*What you are asked to do*:
Transcribe, word for word and without additions, each line below from the one containing "St. Croix Legend" through the one containing "GERER LES RISQUES", both ends included.

*Working data*:
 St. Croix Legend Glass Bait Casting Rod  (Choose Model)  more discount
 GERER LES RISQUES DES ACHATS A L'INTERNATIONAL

---

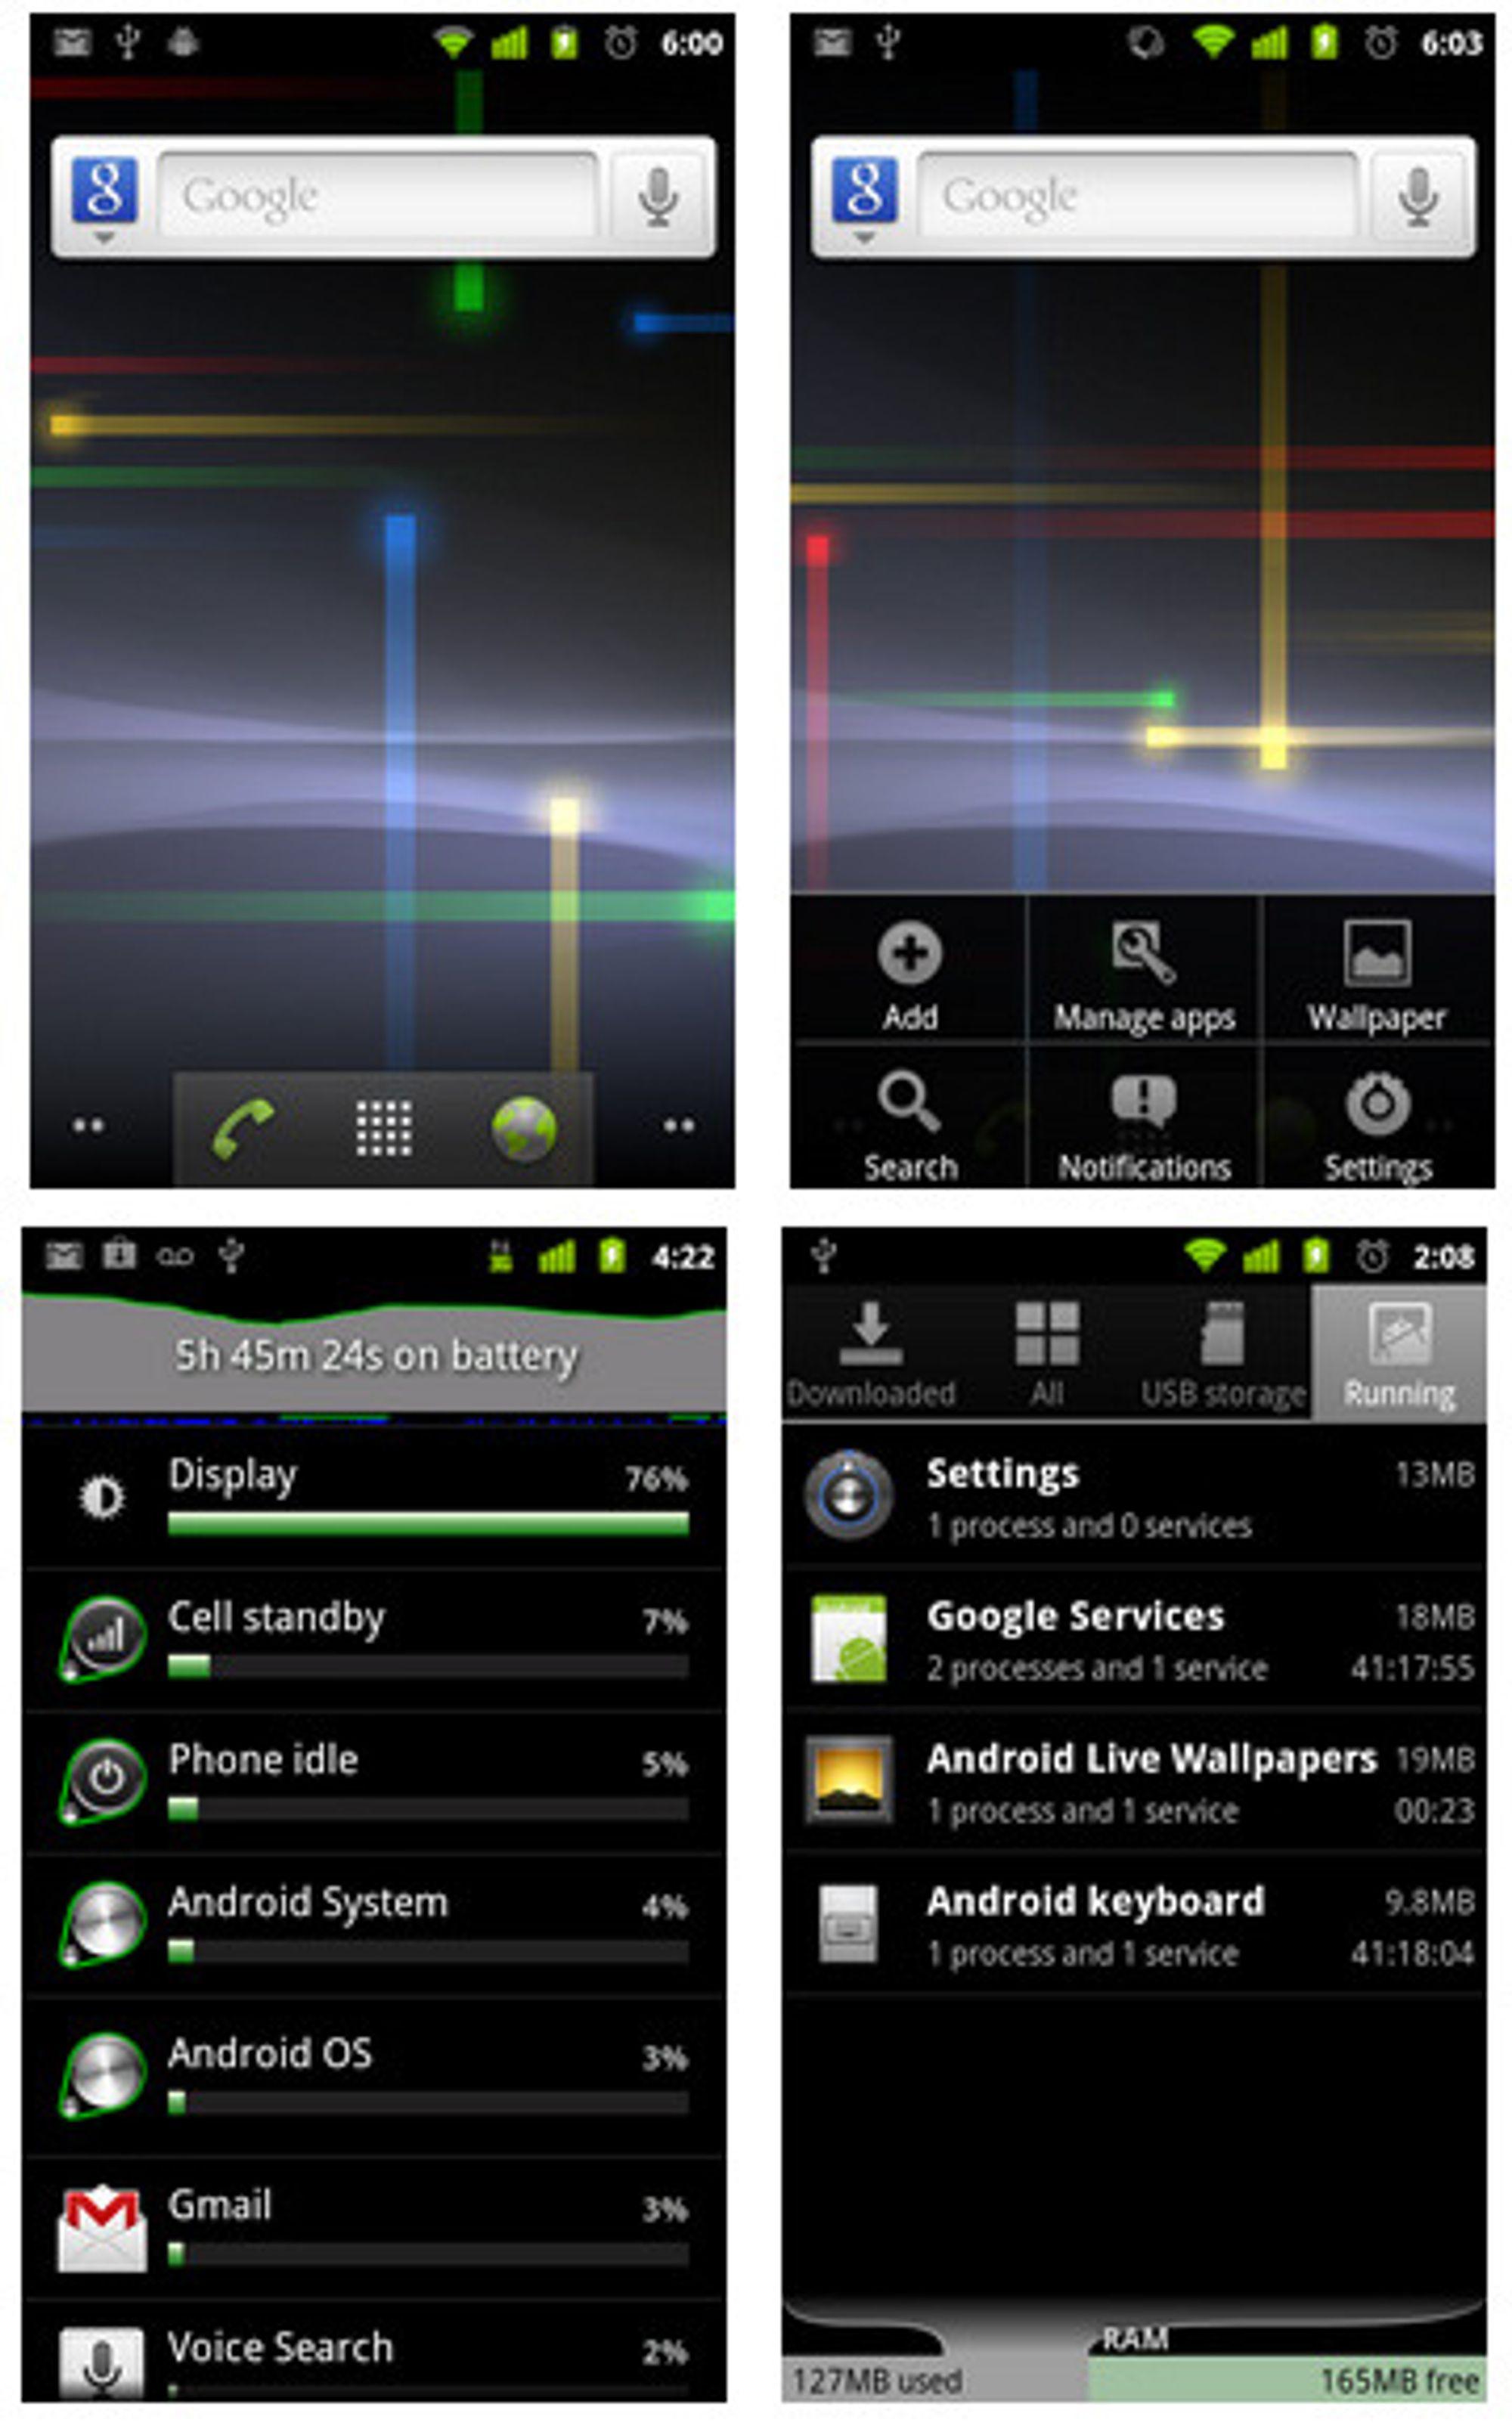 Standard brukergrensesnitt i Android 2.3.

* * *

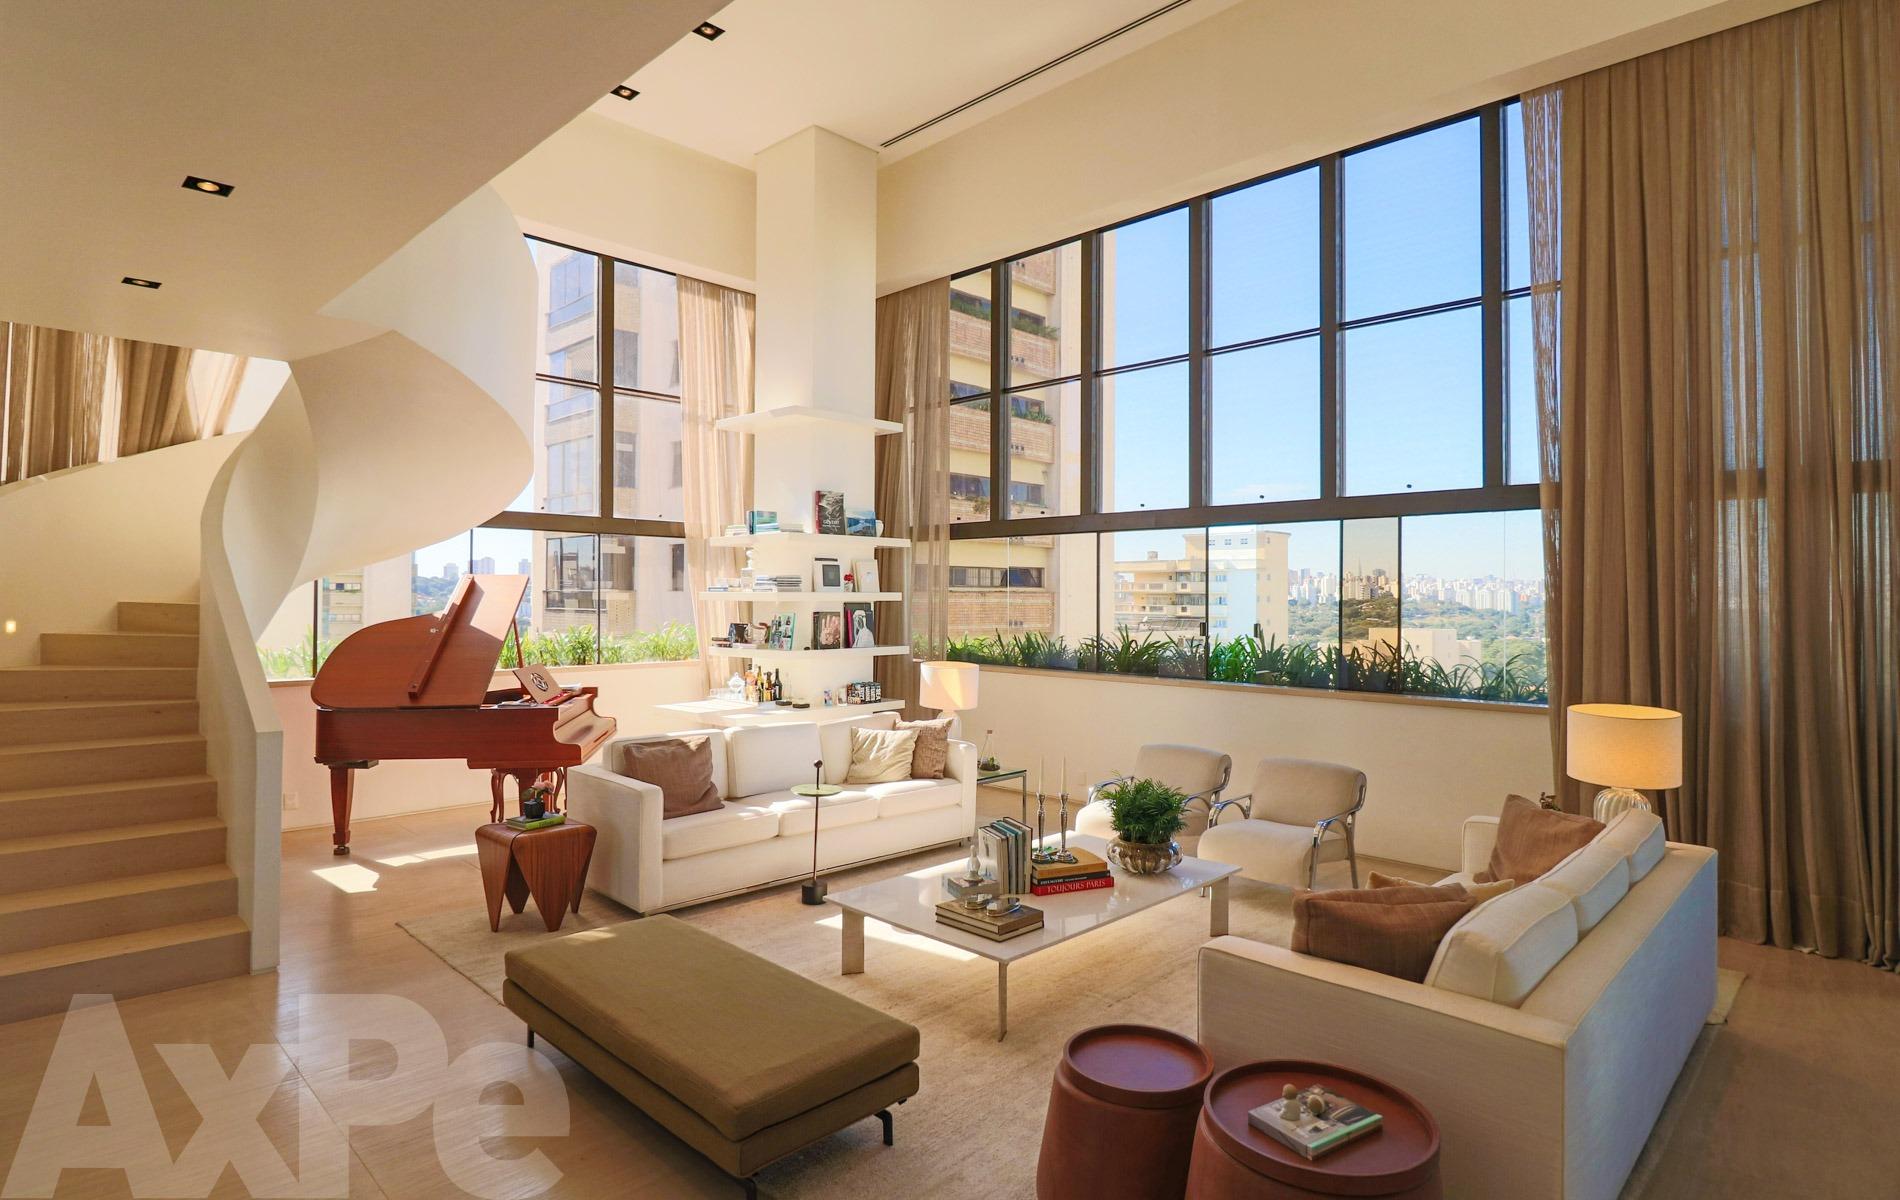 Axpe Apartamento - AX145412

*Solution for this exercise*:
 St. Croix Legend Glass Bait Casting Rod  (Choose Model)  more discount
 GERER LES RISQUES DES ACHATS A L'INTERNATIONAL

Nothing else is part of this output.